◆ Data extract:
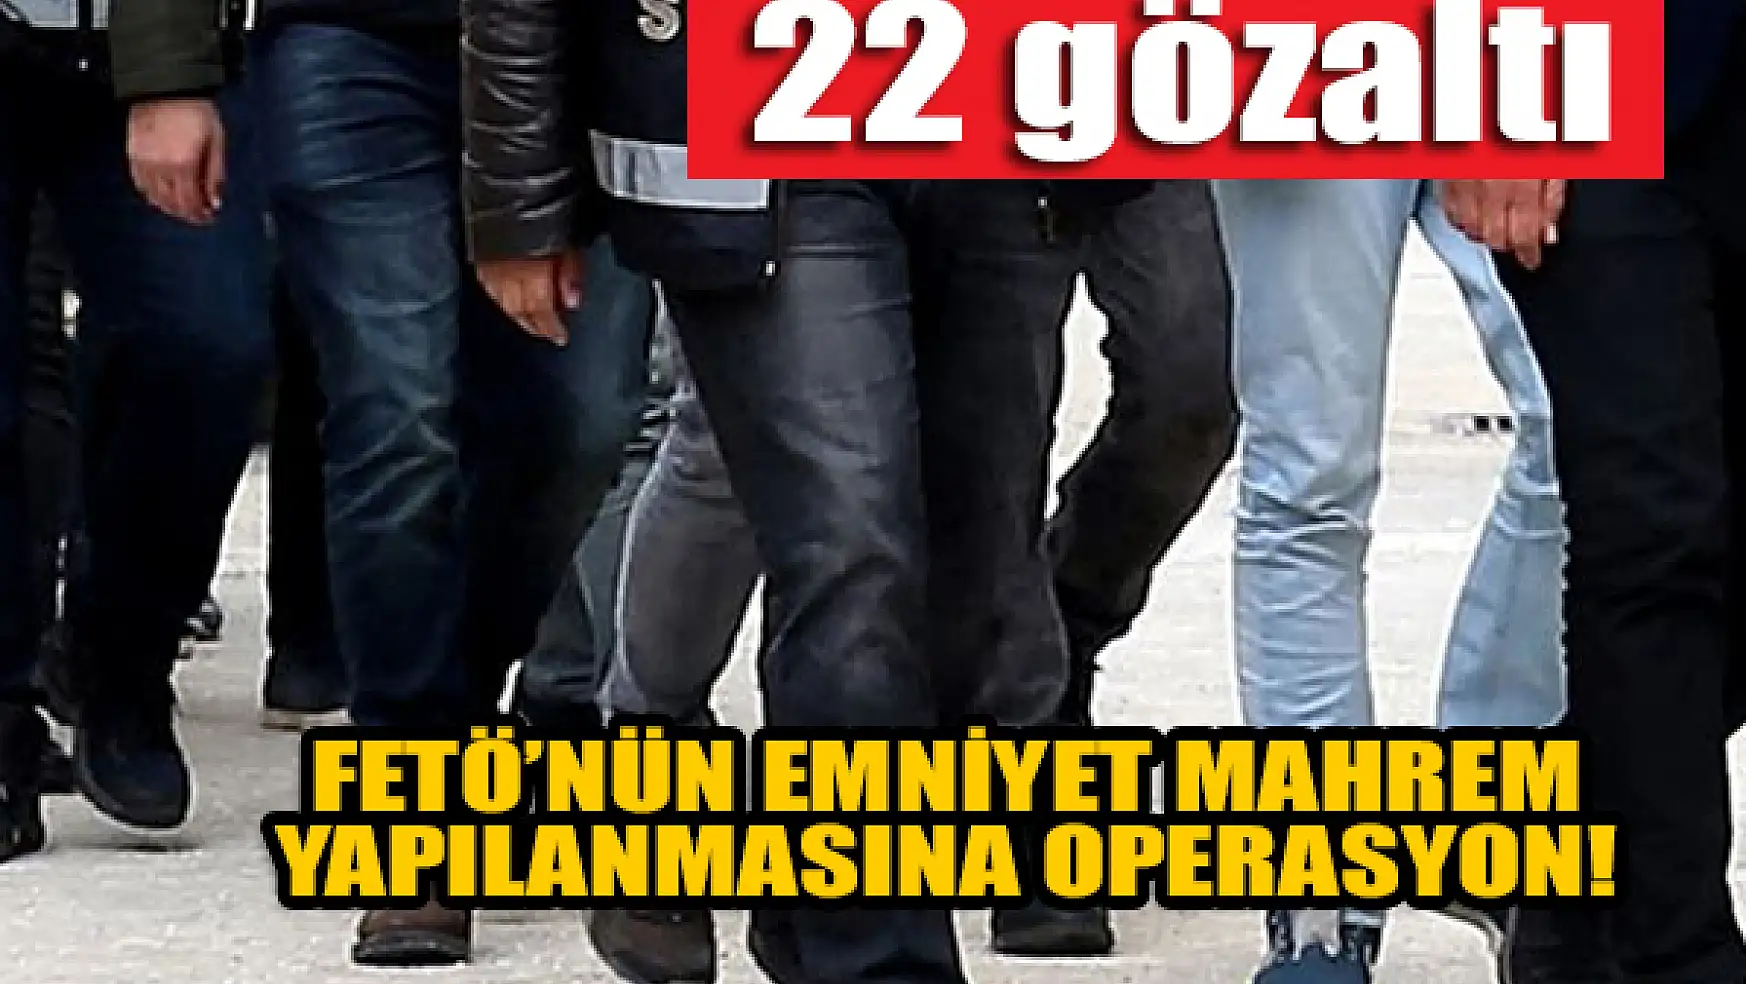 Konya dahil 8 ilde FETÖ'nün emniyet mahrem yapılanmasına operasyon: 22 gözaltı
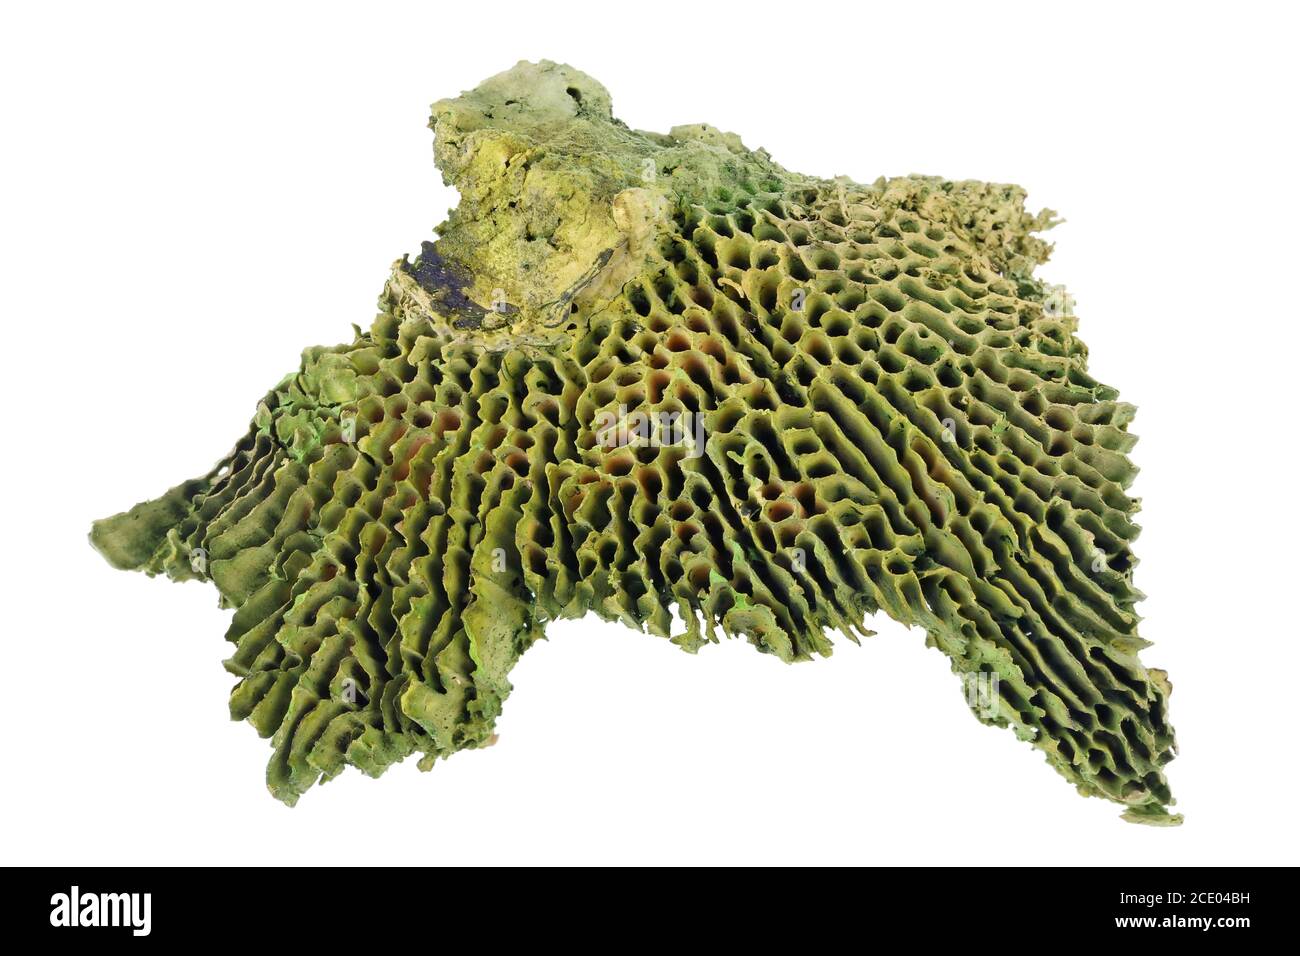 Giftige grüne getrocknete Pilze werden verwendet, um halluzinogene Mischungen zu bilden Isoliertes Makro Stockfoto
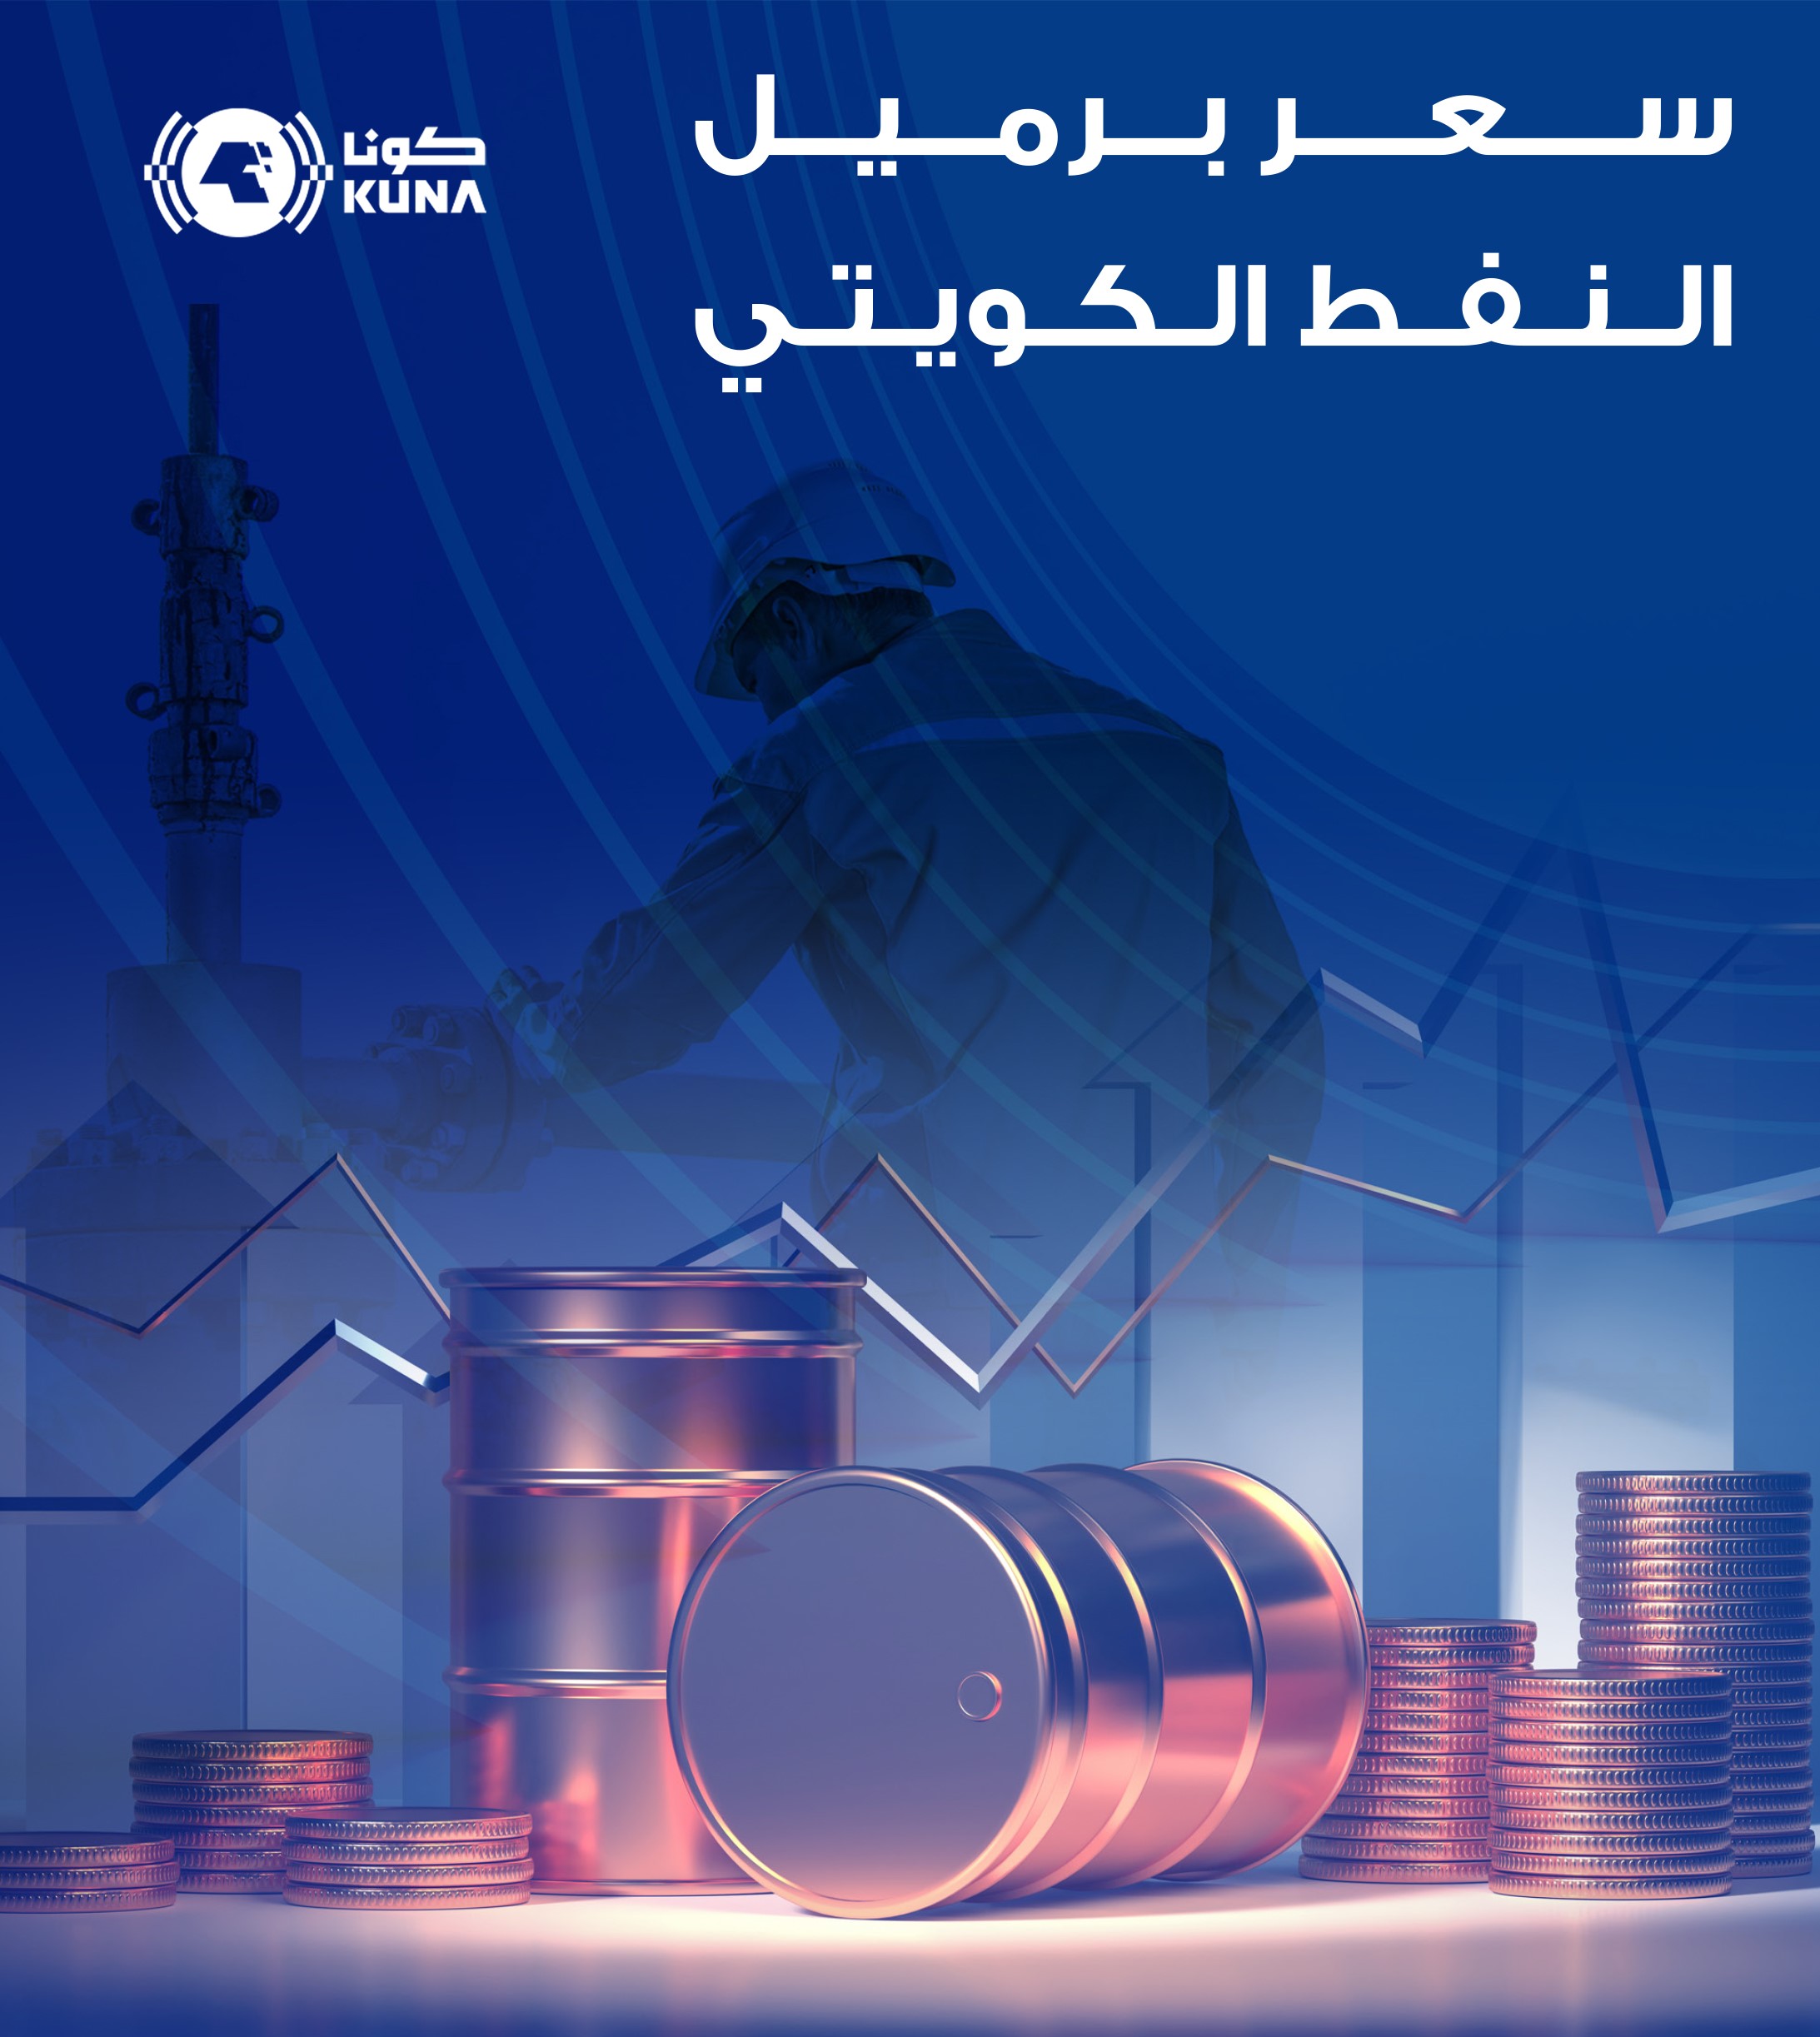   سعر برميل النفط الكويتي يرتفع 1.95 دولار ليبلغ 89.12 دولار

◆ What to produce: Omit the pictures, then set down all the remaining data exactly as given.

◆ Task result:
 Konya dahil 8 ilde FETÖ'nün emniyet mahrem yapılanmasına operasyon: 22 gözaltı
 Giftige grüne getrocknete Pilze werden verwendet, um halluzinogene Mischungen zu bilden Isoliertes Makro Stockfoto
   سعر برميل النفط الكويتي يرتفع 1.95 دولار ليبلغ 89.12 دولار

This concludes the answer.